Even simple use in legal states can still show bad moral character for immigration purposes…
Can working with, selling or using marijuana affect my immigration status? Marijuana and immigration does not mix. That’s why I routinely practice “immigrant criminal law.” Immigrants must be extra careful not to use marijuana in even states where it’s legal to use it. U.S. Citizenship and Immigration Services (USCIS) issued guidance that could prevent those with permanent legal status (green card holders) from becoming U.S. citizens if they are suspected of using marijuana. That’s mere suspicion, not even arrest or conviction!
Many states have legalized medical marijuana, and several states and the District of Columbia have legalized recreational marijuana for adults. But do not assume that using marijuana will not hurt your immigration status. This USCIS guidance establishes that a “violation of federal controlled substance law, including for marijuana, established by a conviction or admission, is generally a bar to establishing (good moral character) for naturalization even where the conduct would not be a violation of state law.”

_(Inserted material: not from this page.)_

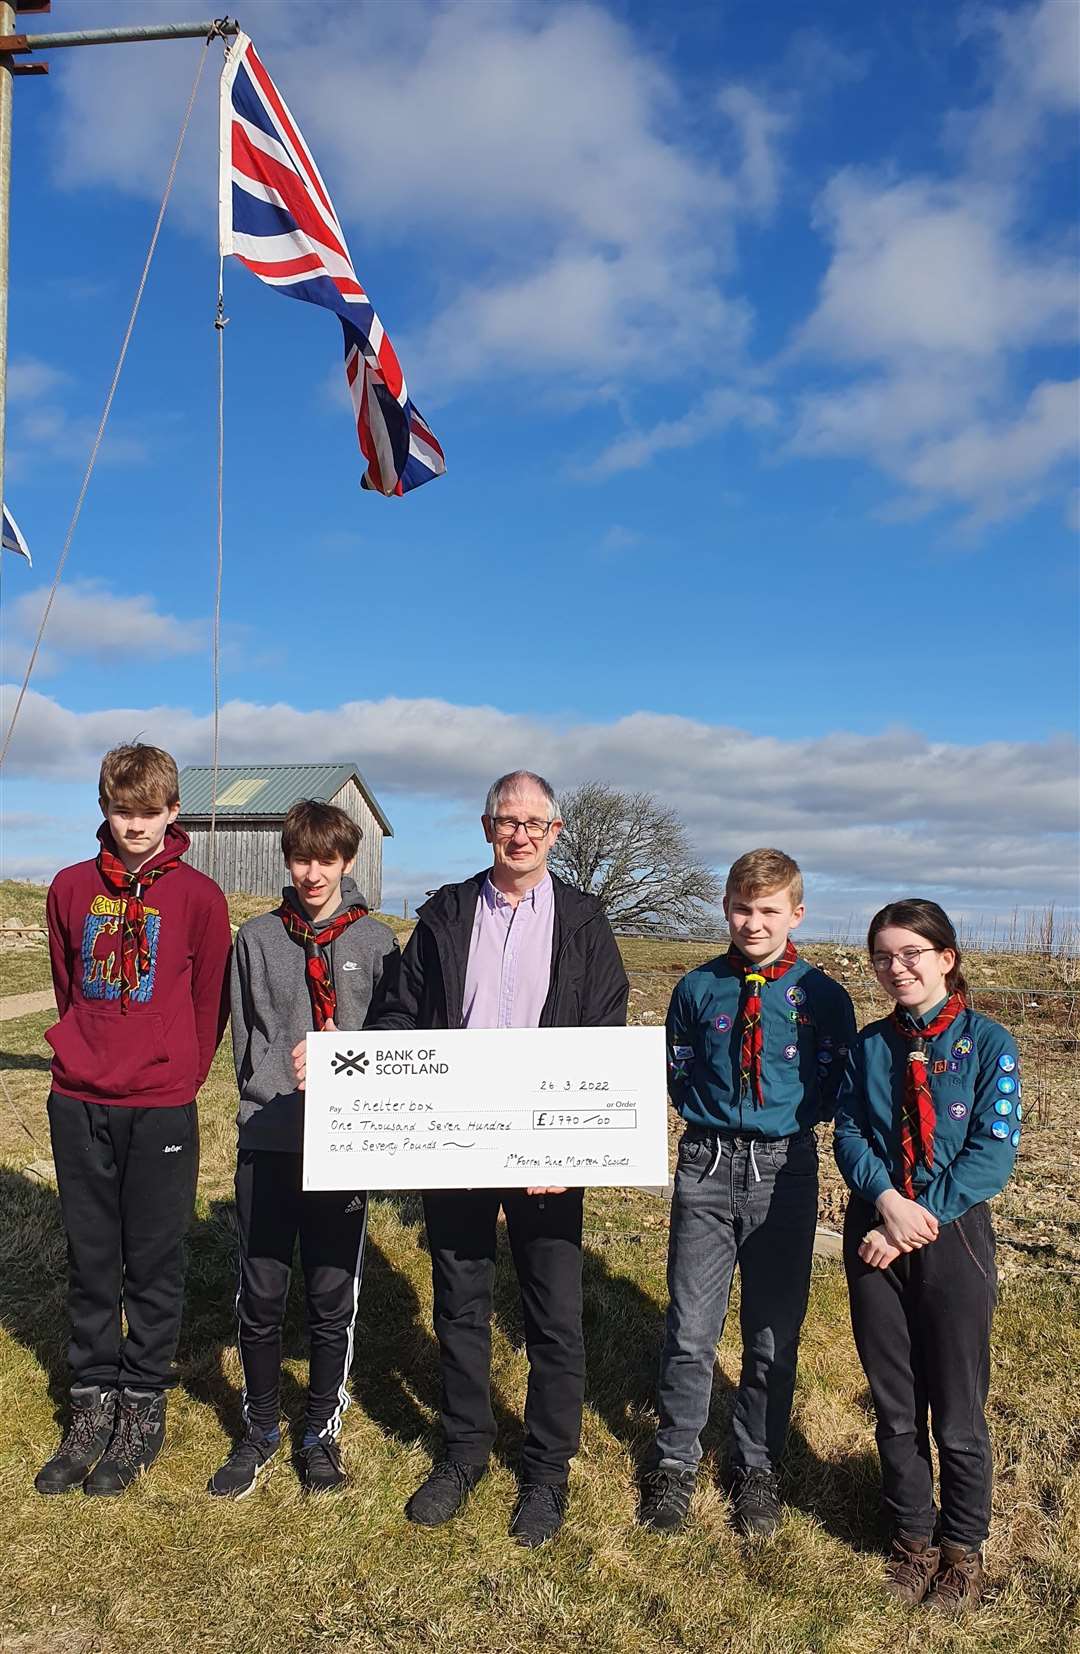 Adam Rhind, Jack Kendrick, Harry Elvines and Phoebe Dennis with Forres Rotary president Tony O’Neill at Aitnoch off the A939.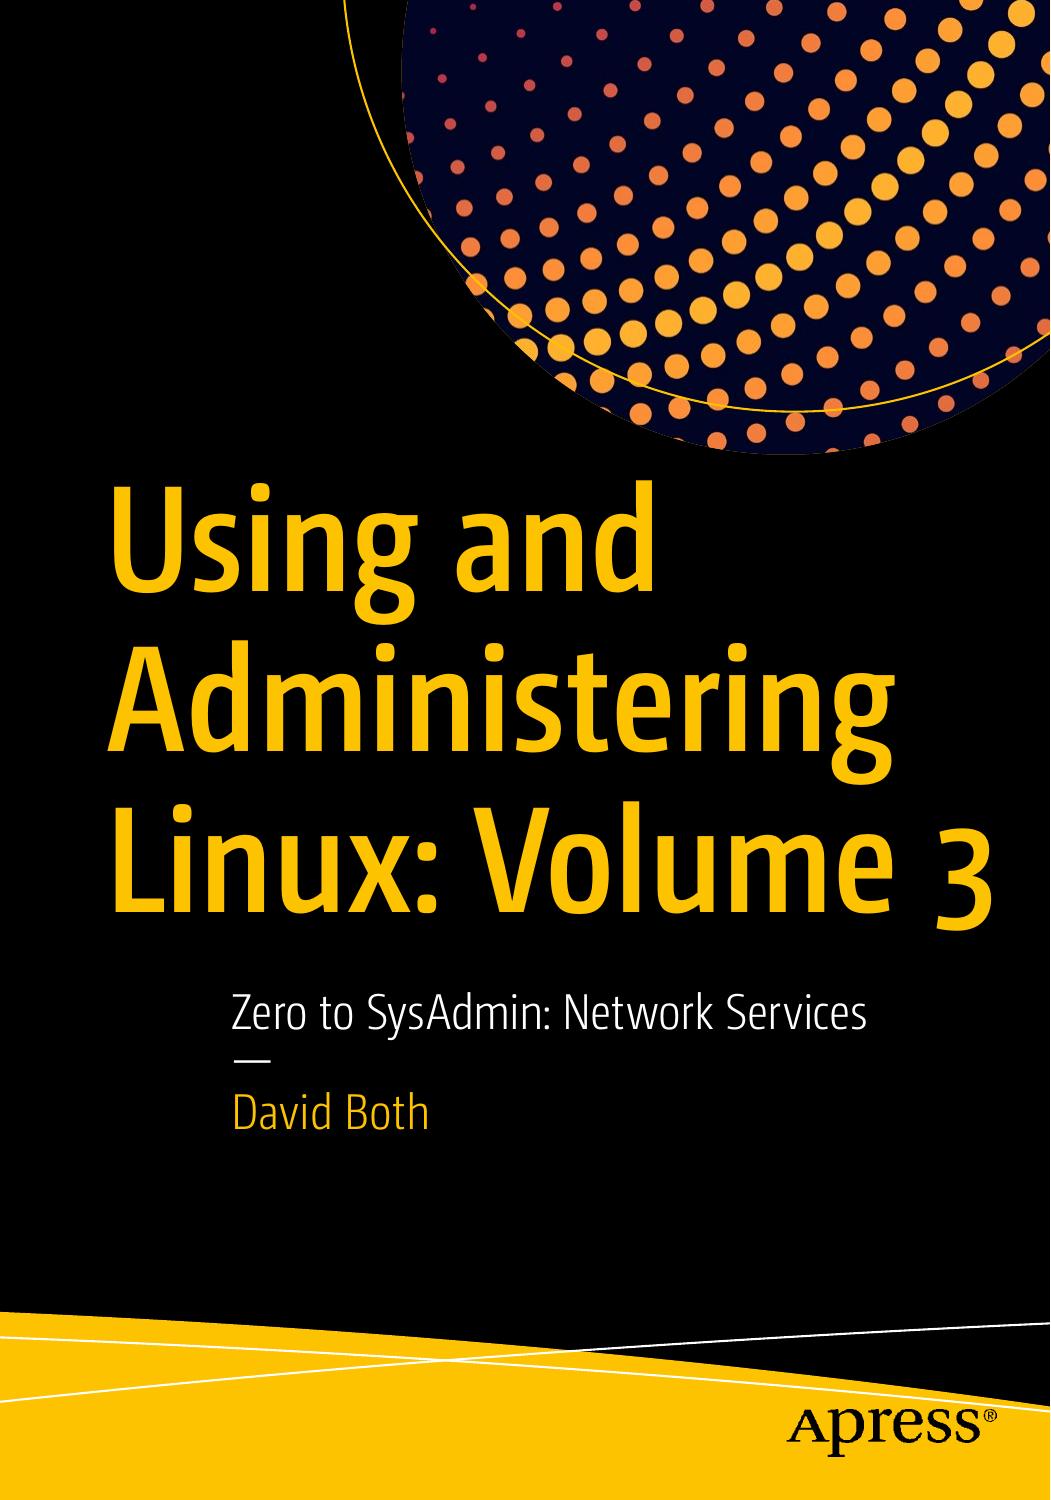 Using and Administering Linux: Volume 3: Zero to SysAdmin: Network Services by David Both

This isn’t necessarily a surprise, because marijuana is a Schedule 1 drug and possession of it is still a federal offense. USCIS officers must take it into consideration when reviewing an application. In the past, visitors to the United States have lost their tourist visas after agency officials checked their phone and found photos of them in front of marijuana dispensaries.
What is new is that this practice is now codified into USCIS guidance — explicitly telling officers that even if there is no drug conviction, and even if the person has not admitted to the offense, they should consider denying the case based on good moral character.
Even if you get your green cards, you should not work for dispensaries. You should not be in any business related to marijuana and of course, don’t use it. Those without their US citizenships employed working for the industry could be labeled an “illicit trafficker” and be made eligible for deportation/removal.
This restriction exists even if marijuana is legally prescribed by a medical professional or doctor. The legality or medical necessity doesn’t make it legal under immigration regulations and guidelines.
In the question, Can working with, selling or using marijuana affect my immigration status? There are a lot of talk about the reduction of federal classification of marijuana as a schedule 1 drug, but until then, it’s better to play it safe. You’ve sacrificed too much to ruin your immigration status. I would consult with a lawyer before use, purchase, sale or employment relating to marijuana and its industry.
My posts/blogs are to be taken for academic purposes only and NOT LEGAL ADVICE. Nothing on my blogs should lead you to believe there is an attorney-client relationship, nor that I am giving legal advice.
For more information about Can working with, selling or using marijuana affect my immigration status?, please call my office at (714) 321-9999 for a free consultation to discuss your specific matter where I could then give proper legal advice.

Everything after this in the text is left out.